Analysis of Variance (ANOVA)

Let’s say you want to find out if the beverage that people drink affects their reaction time. So you set up an experiment with three groups of people. The first group gets water to drink. The second group gets some sugary fruit juice, and the third group gets coffee. Now you test everyone’s reaction time, and you want to know if there’s any difference in reaction time between the groups. The null hypothesis says that the mean reaction time for all three groups is the same. If there were only two groups, you could use a T test to find out if there’s a difference between them. But when you have three groups or more, you need to use a different approach: the analysis of variance.

When you do the experiment, the scores won’t all be the same. The total variation of all the scores is made up of two parts. The variation within each group, because the people in each group have different reaction times, and the variation between the groups, because the drinks you gave each group are different.

Here’s an example: Look at this set of scores. They’ve been sorted into order to make it easier to see the patterns. You can see that there’s a lot of variation within each group. Some people are faster and some are much slower. But all the groups look pretty much alike. There’s not much variation between the groups. In this case you’d say that most of the difference is due to the people, and the drink didn’t make much of a difference. You would accept the null hypothesis that the type of drink doesn’t have any effect on reaction time.

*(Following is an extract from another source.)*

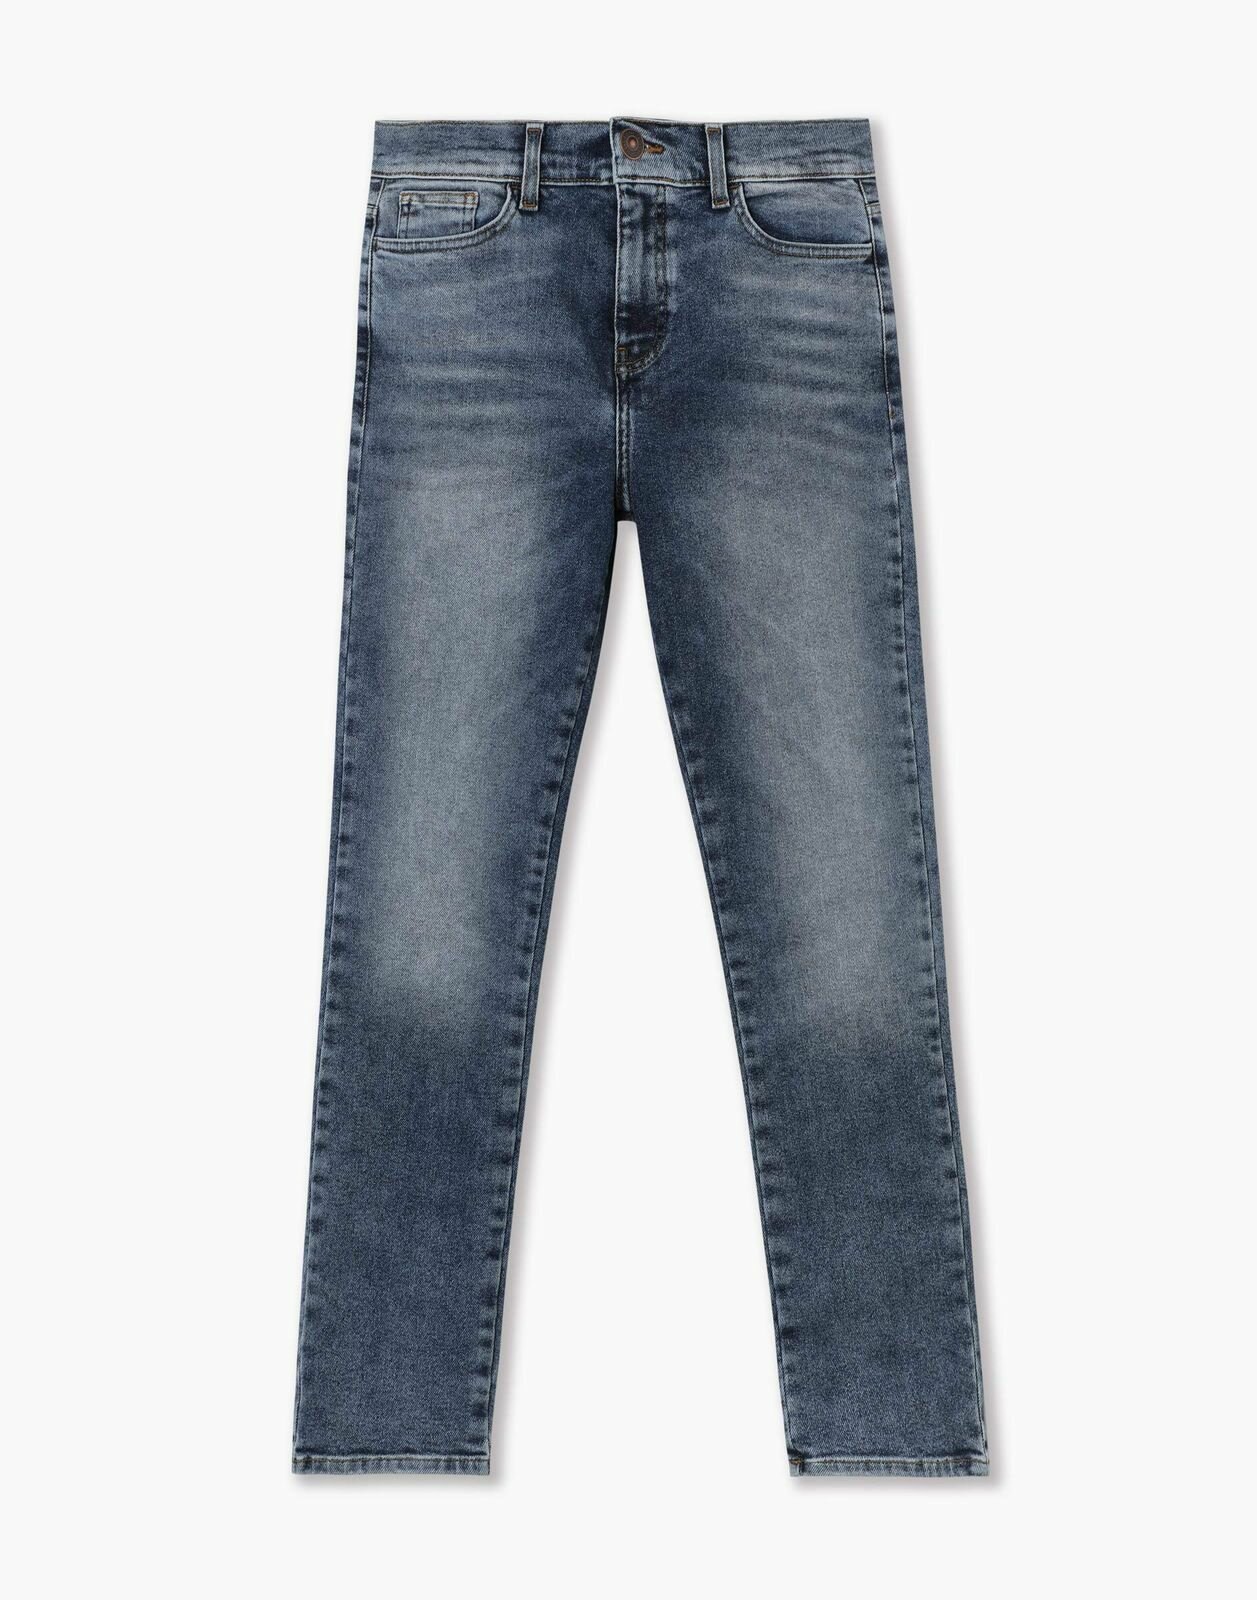 Джинсы Gloria Jeans, размер 7-8л/128, синий

Now let’s look at a different set of numbers. In this case, all the scores within each group are very close to one another. There’s not a lot of variance within each group. But the groups are very different from one of another. There’s a lot of difference between the groups. In this case, you would reject the null hypothesis. In this case, the type of drink makes a big difference.

So here’s the idea behind analysis of variance: Figure out how much of the total variance comes from the between groups variance, and the within groups variance. Take the ratio of between groups to within groups of variance, and the larger this number is, the more likely it is that the means of the groups really are different and that you should reject the null hypothesis.

In the examples, it was obvious where the variance was. Now look at these numbers. You probably can’t tell if there’s a significant effect because it’s not clear whether there’s more variance within groups, or between groups, or how much. The calculations show that the ratio is 4.27, which has a probability of 0.04. So in this case, you can reject the null hypothesis. With these numbers, the drink you give the people does have an effect on their reaction time.

What’s that two comma 12 doing there? Those are the degrees of freedom for variance between groups and variance within groups. And here’s how you calculate the degrees of freedom when you report results for analysis of variance.

This trick of separating the variance not only works when you have three or more groups; it also works when you have multiple variables. For example, if you test three groups for reaction time in the morning, and you test another three groups in the evening, an analysis of variance can tell you if there’s a significant effect for the type of drink, or if the time of day makes a difference, or if there’s some interaction. For example, coffee might be more effective in the morning than in the evening.

So to recap, here’s the main idea of analysis of variance: You figure how much of the total variance comes from between the groups, and how much comes from within the groups. If most of the variation is between groups, there’s probably a significant effect. If most of the variation is within groups, there’s probably not a significant effect.